The Swansea-born player then stepped down for a stint with Cardiff Central in the Cardiff and District Premier League, whilst also honing her coaching skills that had begun at just 18, and starting a family.

“I like player-coaching and don’t find it difficult to take people on and off court. I would be bored if I was just doing one or other and I think the girls give you more respect if they know you can still perform on court.

“I train with them so it’s easier to understand what they are doing right or wrong when you have been with them in that situation. It’s my first season as Rockets coach and it’s really going well so far.”

The Rockets represent the top level and a focus to aspire to for all the hundreds of girls who train and play within Rhondda Netball – from the ages of five and upwards.

They run two further senior teams – the Rhondda Royals and the Rhondda Ravens – as well as the Rockets U17s.

Players are fast-tracked up the age-groups whenever opportunity arises, in the hope that a conveyer belt of talent can be fed into the Rockets in years to come.

“The numbers that have come on board to play netball in the area is incredible,” says Cooke, who was a Wales teammate of long-time current Dragons stars Suzy Drane and Kyra Jones.

“Lots of parents get involved and it has a real community feel. There are participation centres where anyone can get involved.

The Rockets. Pic: Craig Thomas/Replay images.

“Then, I will go around the clubs at the end of the year and pick the girls who have the potential to be in the representative structure.

“The Rockets are at the top and underneath are the U17 Rockets. All the way down the structure, there are age group teams and each one is encouraged to pick a player from below whenever they are short. It shows you can move up a level.”
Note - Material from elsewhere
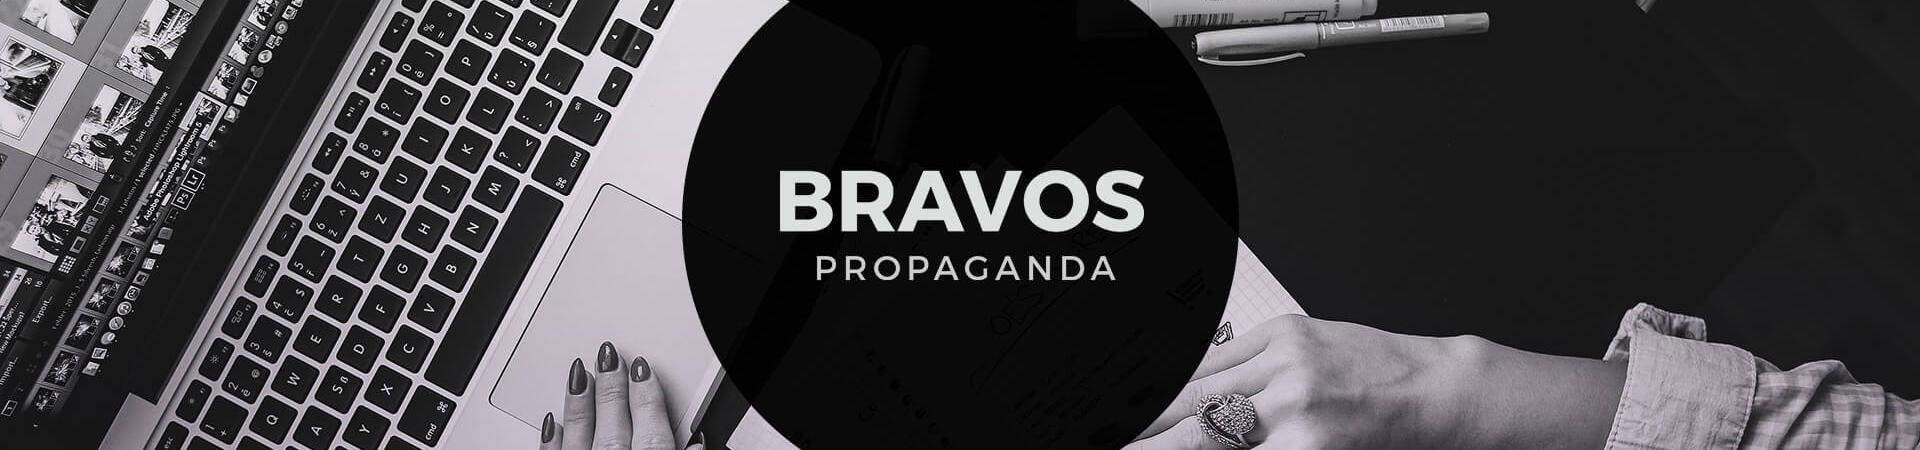 Bravos Propaganda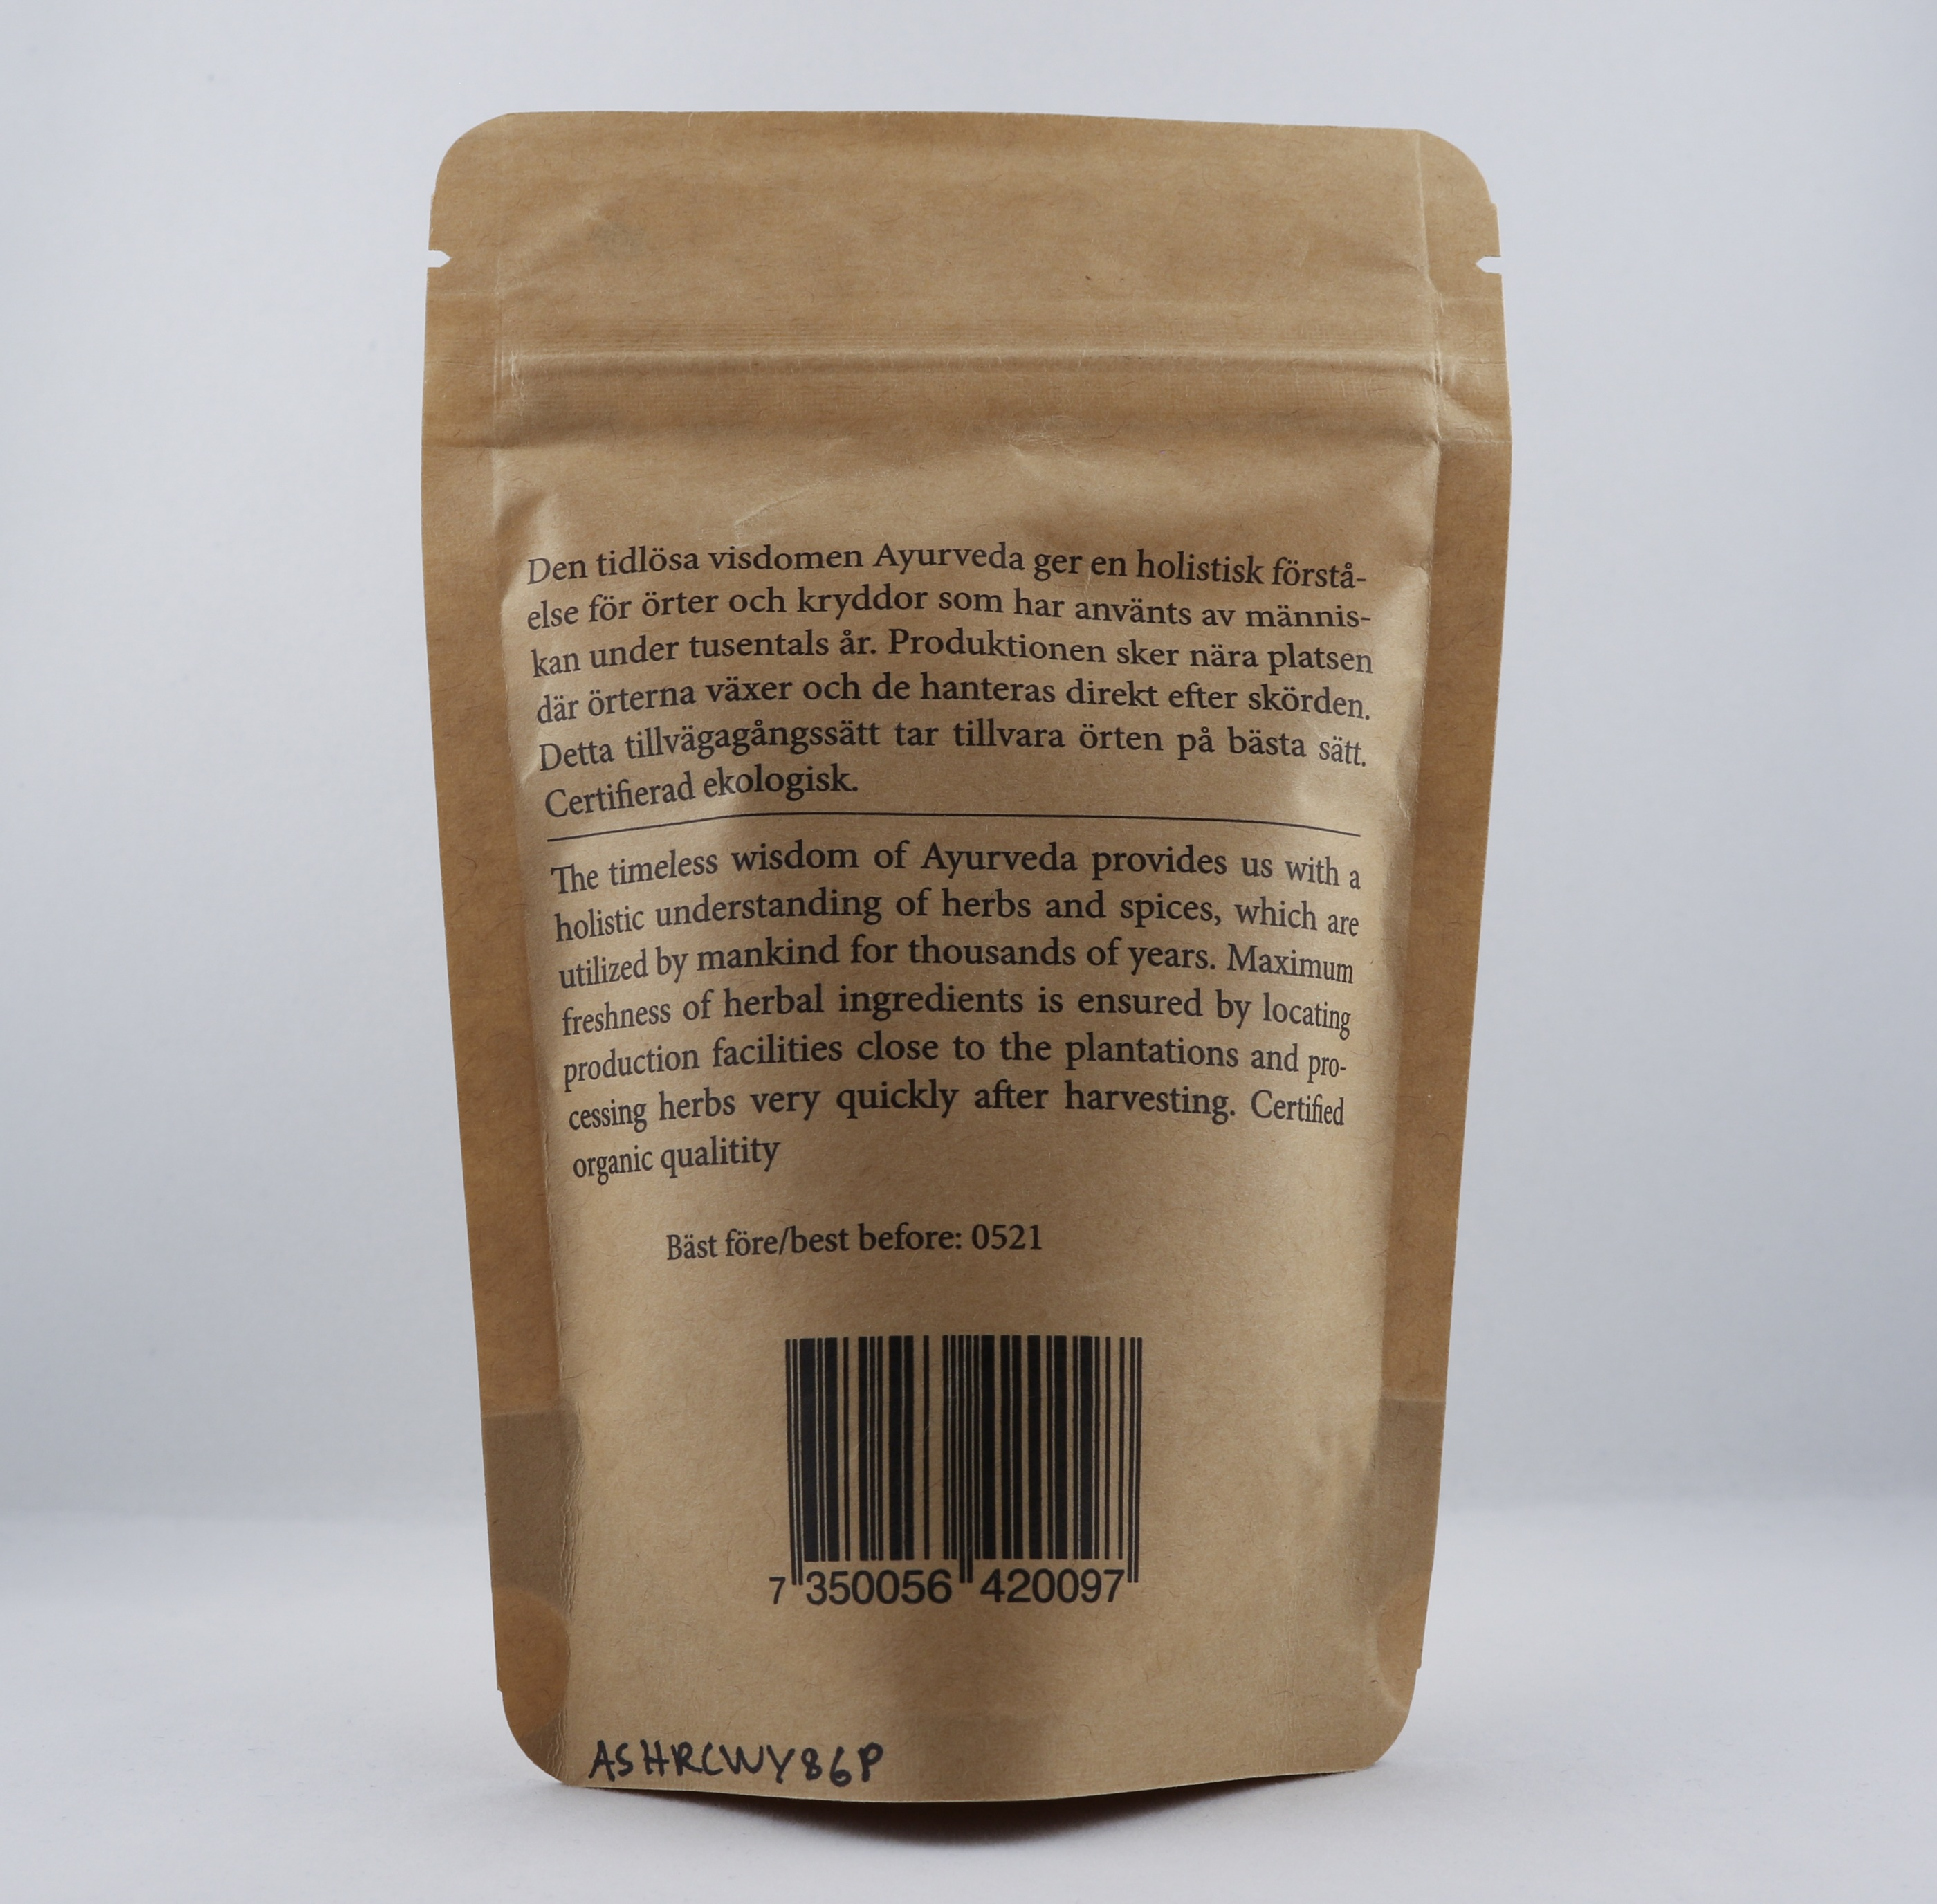 Ashwagandha pulver holistisk homeopati alternativ hälsa eko ekologisk Wellness Ayurveda Halmstadmassören Halmstad Sverige Sweden svensk pulver

It’s this kind of rapid promotion that has led to 16-year-old Ashleigh Bourne breaking through into the senior Rockets team and becoming one of their outstanding players this season.

Cooke believes the youngster has the potential to one day play for Wales, but the problem is the lack of natural steps towards that goal.

There are no leagues or tournaments between the best of the local leagues, like the Cardiff Prem, and the Superleague Dragons. It’s like a ladder with all the middle rungs missing.

“We are ticking all the right boxes with Ashleigh, but a conversation needs to be had about her future development,” adds Cooke.

“She has a lot of potential and is one to watch. She has played every game for us this season and done really well.

Ashleigh Bourne of the Rockets. Pic: Craig Thomas/Replay images.

“But in Wales, there is a Superleague club and then the different local leagues around the country sit beneath that. There is no national or even north or south league and I think they’re missing a trick there.

“It means a lot of girls have gone across to the English Premier League – which does offer a national competition – and we’re losing them to Wales.”

For the moment, though, the Rockets are trying to launch the likes of Ashleigh in the right direction.

They beat Ogmore 66-16 last week and two more victories will be enough to make regulars Cooke, Jody Barnes, Jess Sutton, Chelsea Davies, Rachel Davies and Lottie Davies champions, at least, in their own corner of the universe.

* The A470 League complained to Dai Sport that we had been “unprofessional” and “insulting” in naming Georgia Rowe as the Superleague player in the original publication of this article. The article was temporarily removed whilst facts were re-checked. We’re satisfied with the accuracy of the report and have re-published. Dai Sport has offered the A470 League a response, which we would be happy to publish.